(MATERIAL PROVIDED begins)

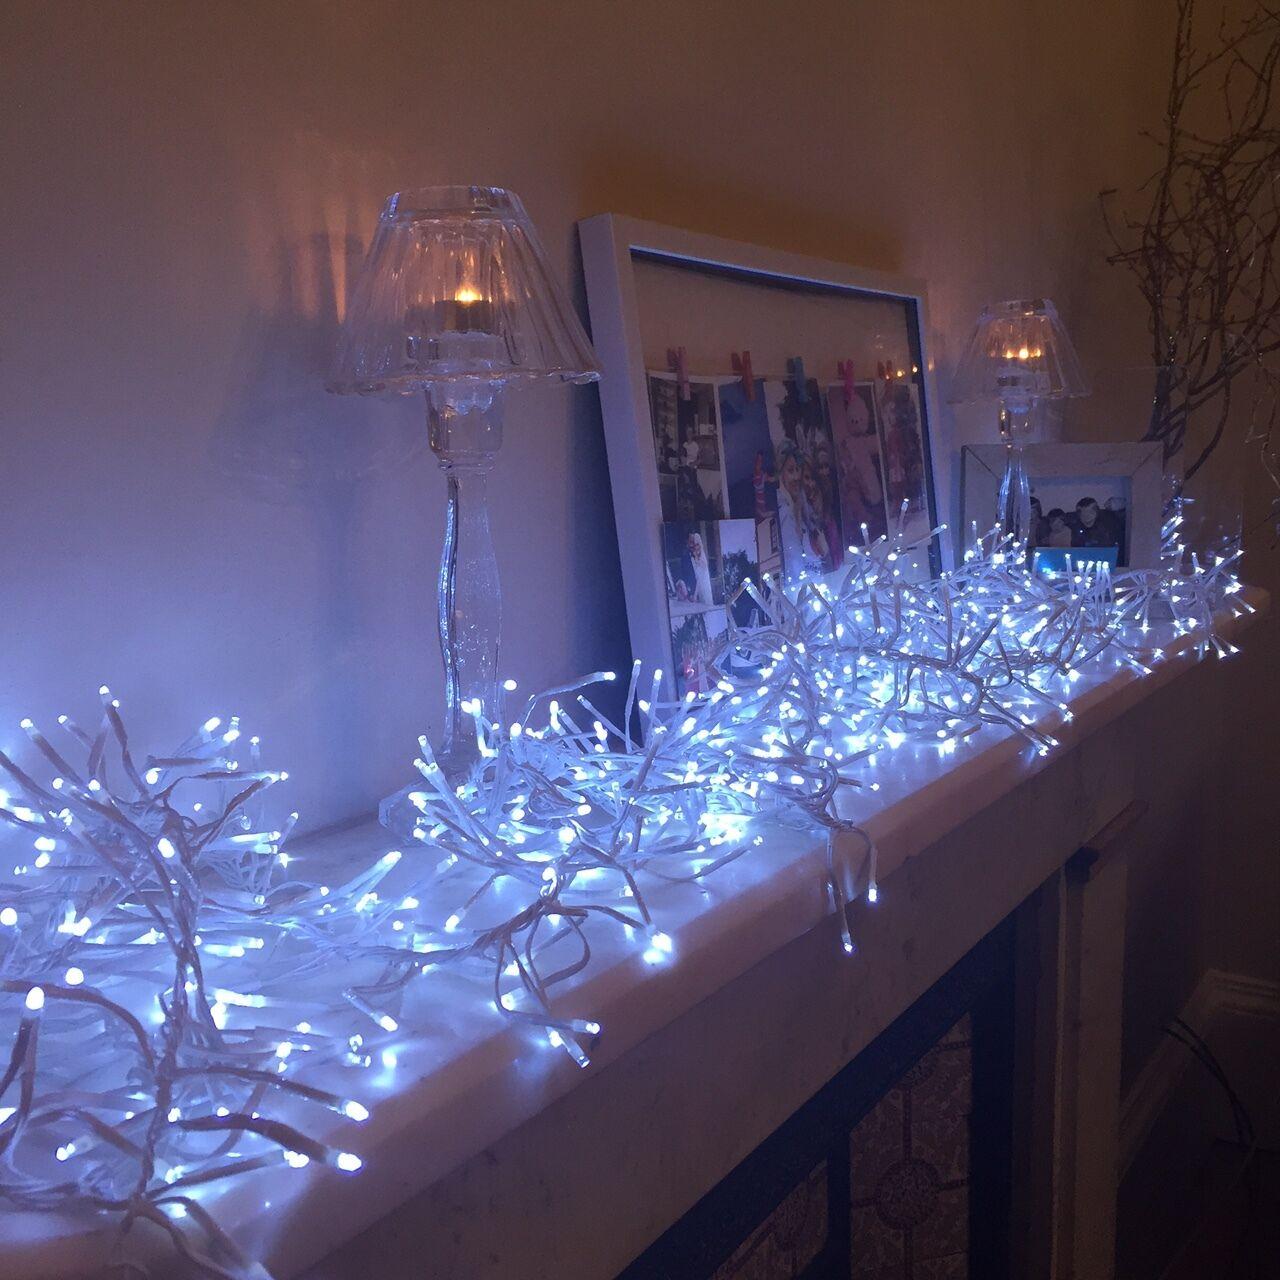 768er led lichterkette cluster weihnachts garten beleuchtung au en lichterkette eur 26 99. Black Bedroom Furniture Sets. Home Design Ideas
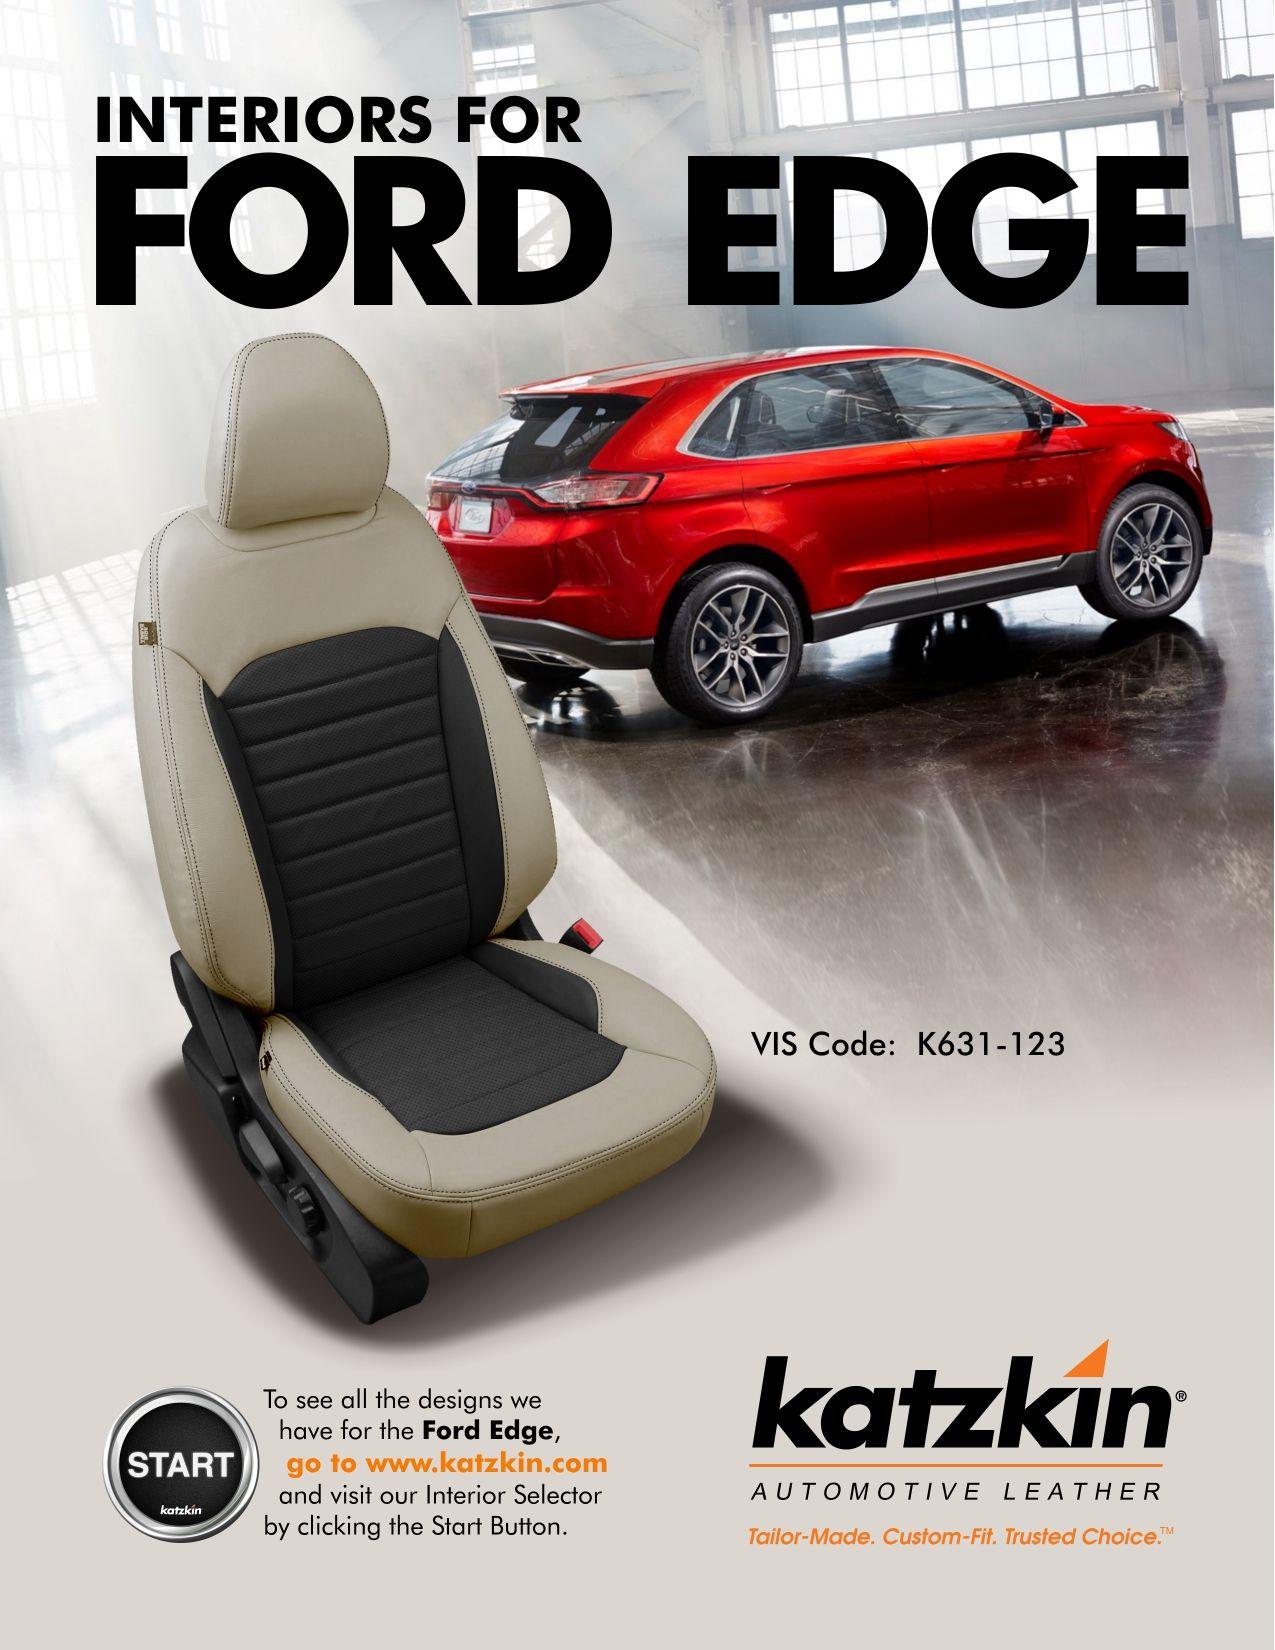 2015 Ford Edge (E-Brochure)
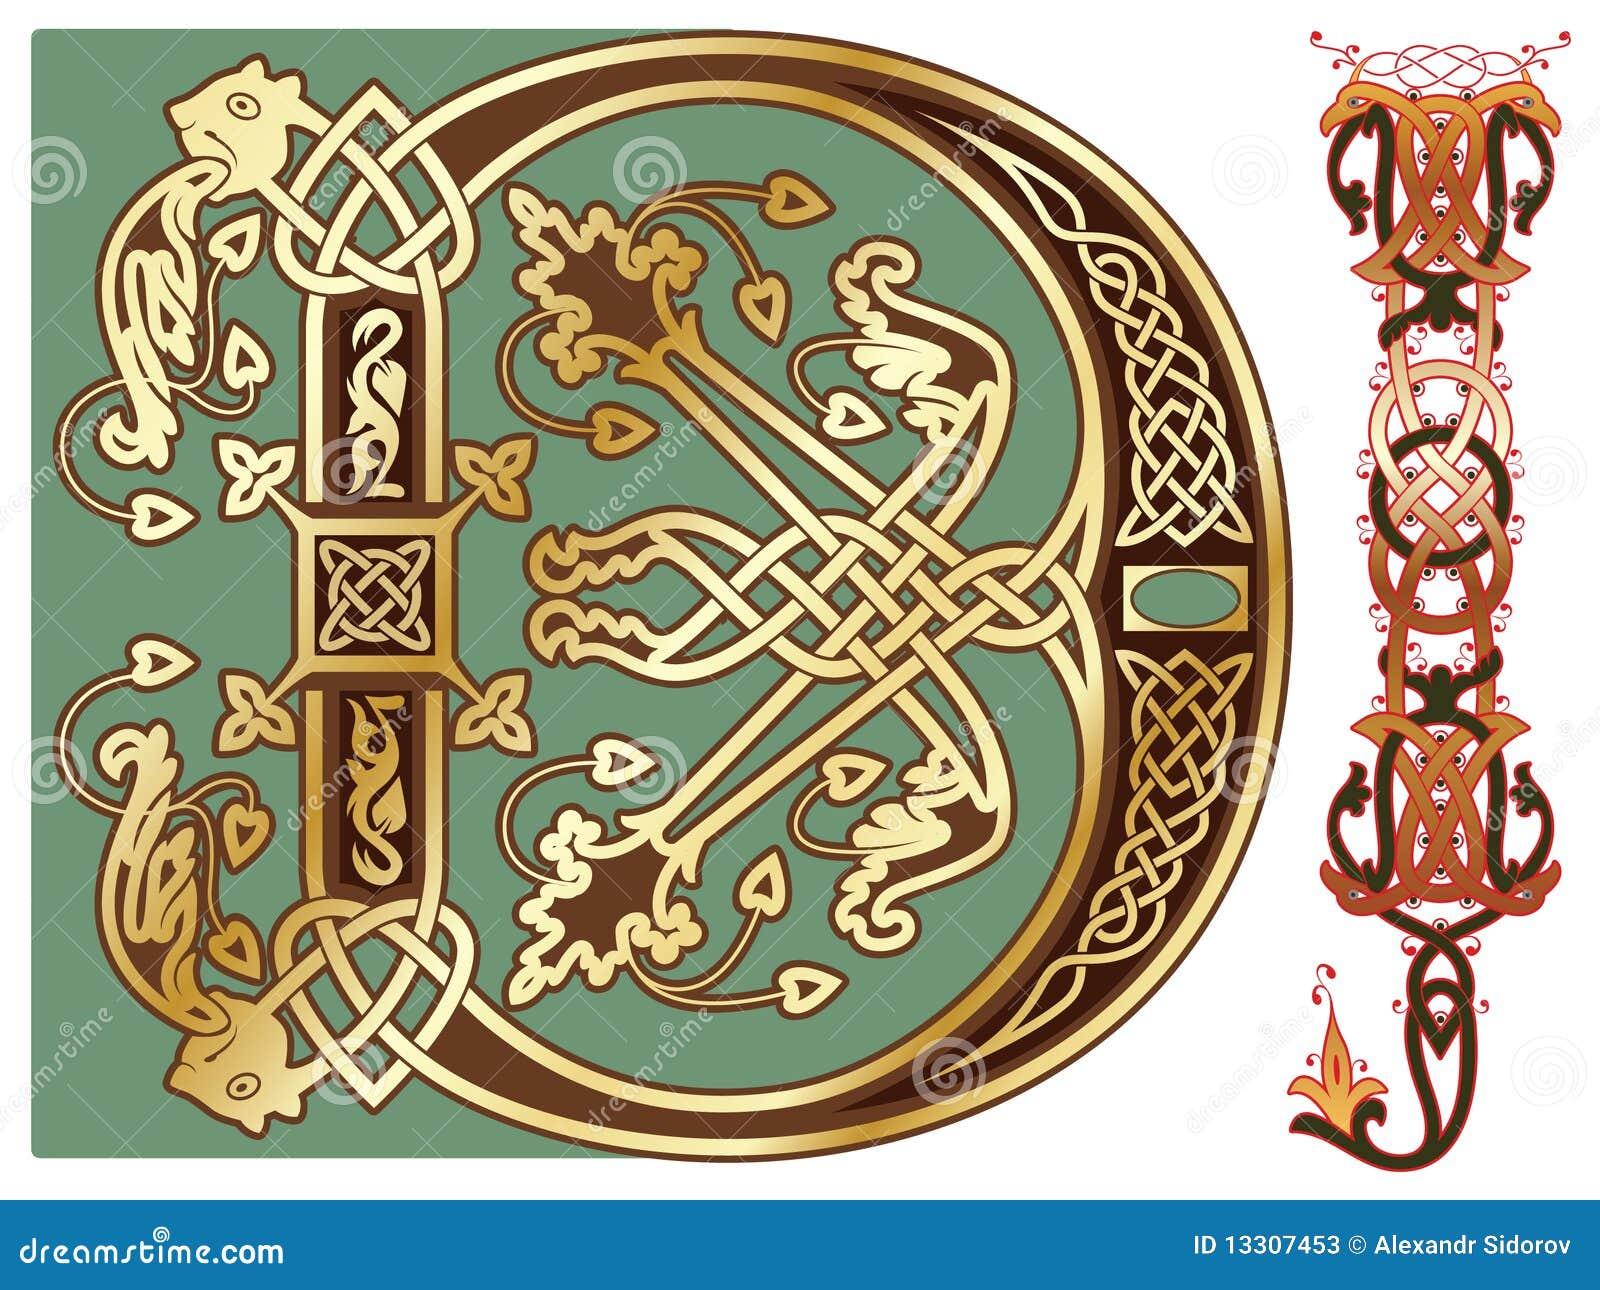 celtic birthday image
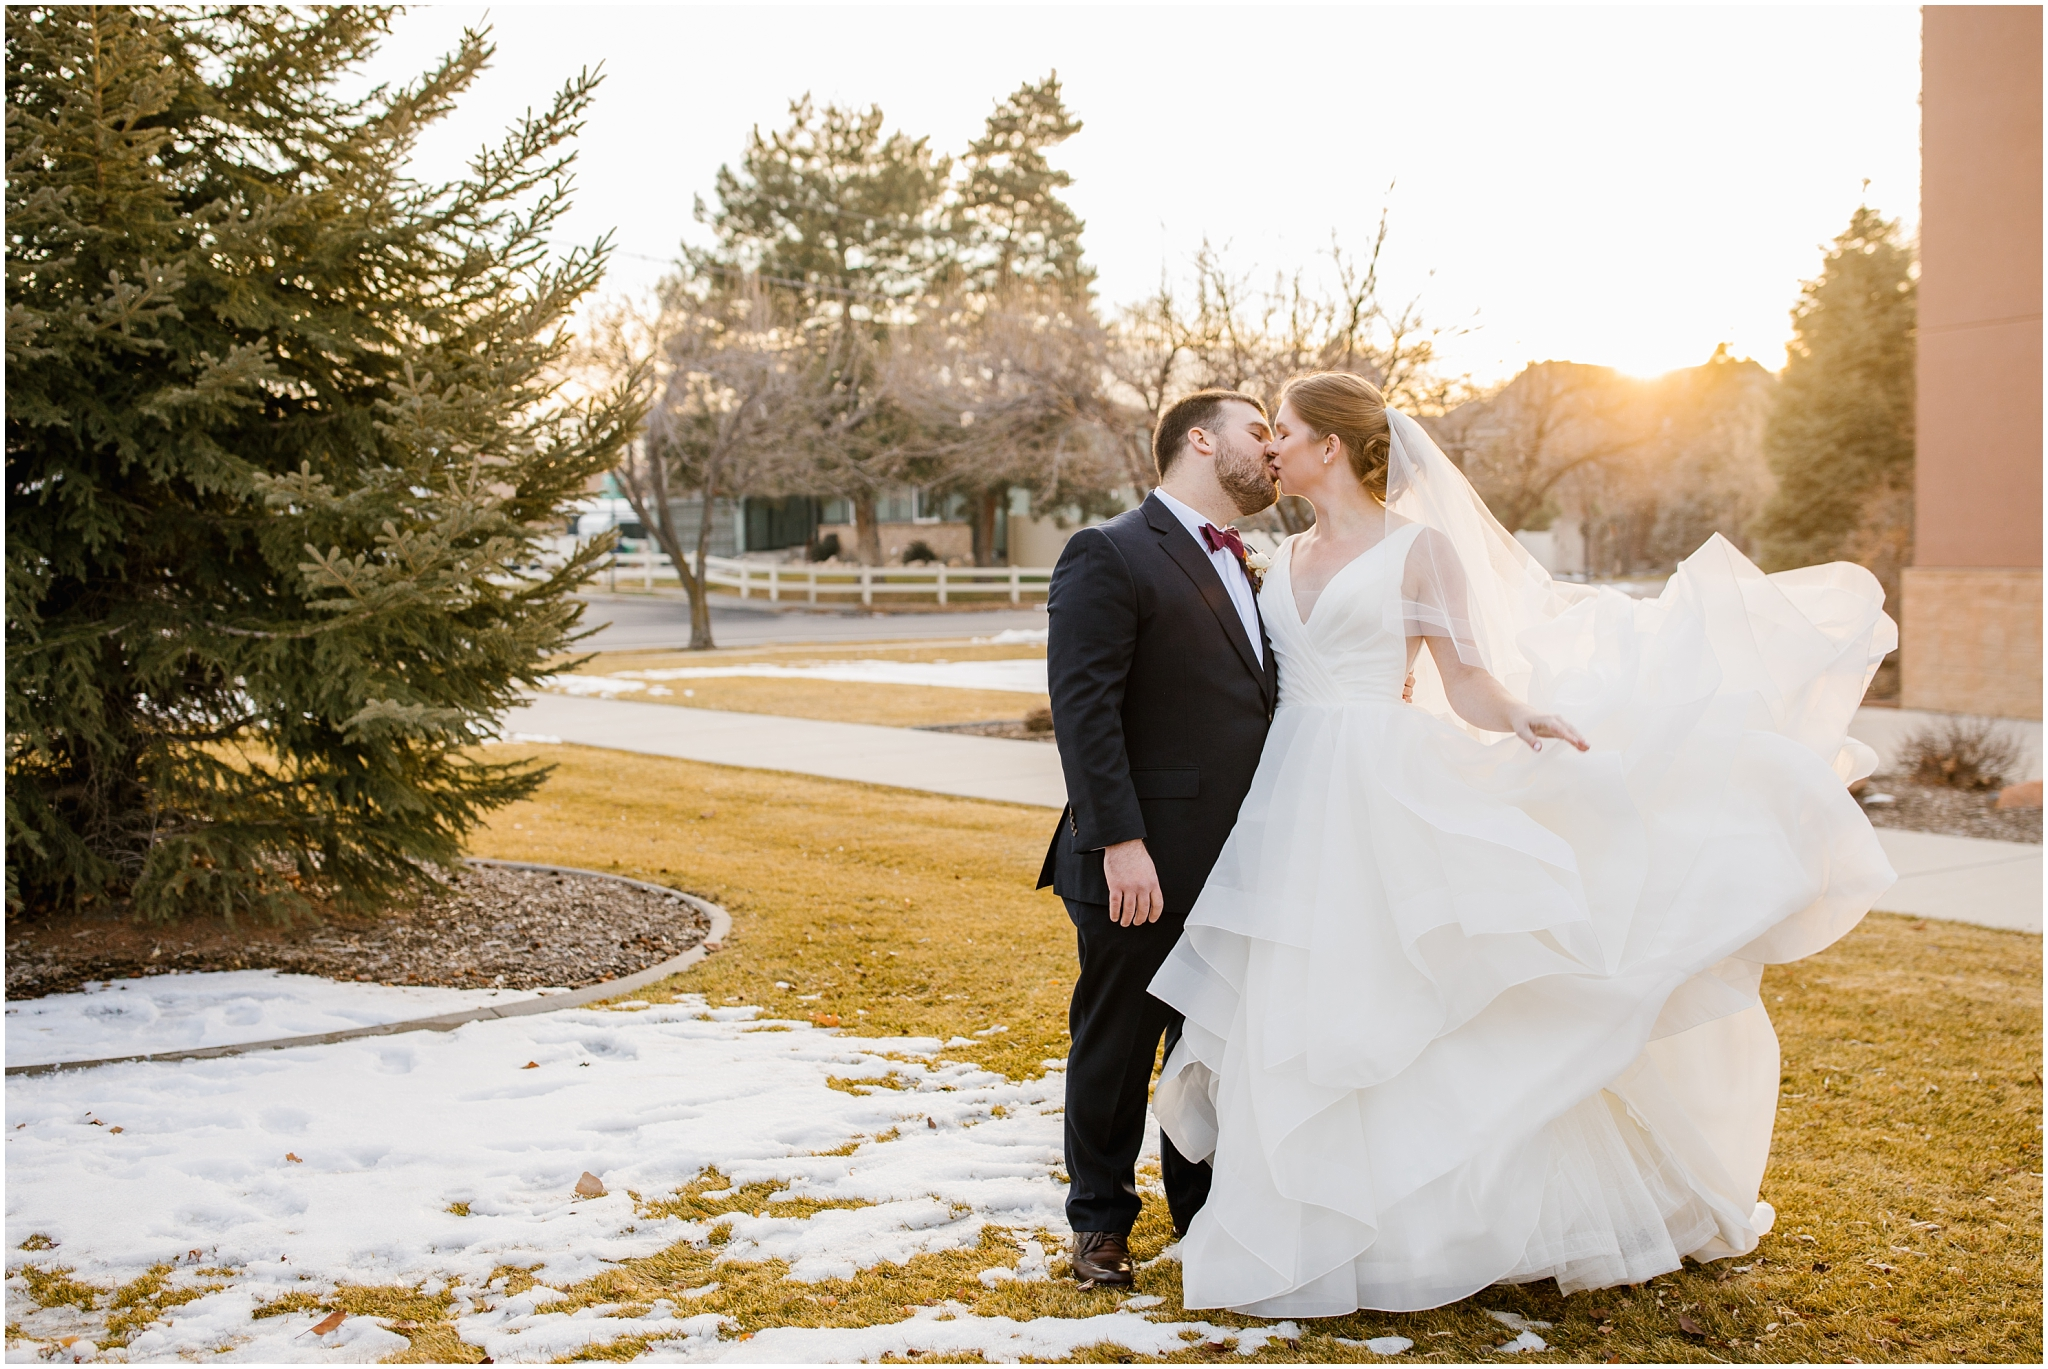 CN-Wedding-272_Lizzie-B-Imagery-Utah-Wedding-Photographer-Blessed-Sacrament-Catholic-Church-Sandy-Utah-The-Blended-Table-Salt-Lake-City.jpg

(MATERIAL PROVIDED ends)

**HOW TO COMPLETE THIS TASK**:
Images are to be skipped, and each line above is to be returned exactly.

**SOLUTION**:
 768er led lichterkette cluster weihnachts garten beleuchtung au en lichterkette eur 26 99. Black Bedroom Furniture Sets. Home Design Ideas
 2015 Ford Edge (E-Brochure)
 celtic birthday image
 CN-Wedding-272_Lizzie-B-Imagery-Utah-Wedding-Photographer-Blessed-Sacrament-Catholic-Church-Sandy-Utah-The-Blended-Table-Salt-Lake-City.jpg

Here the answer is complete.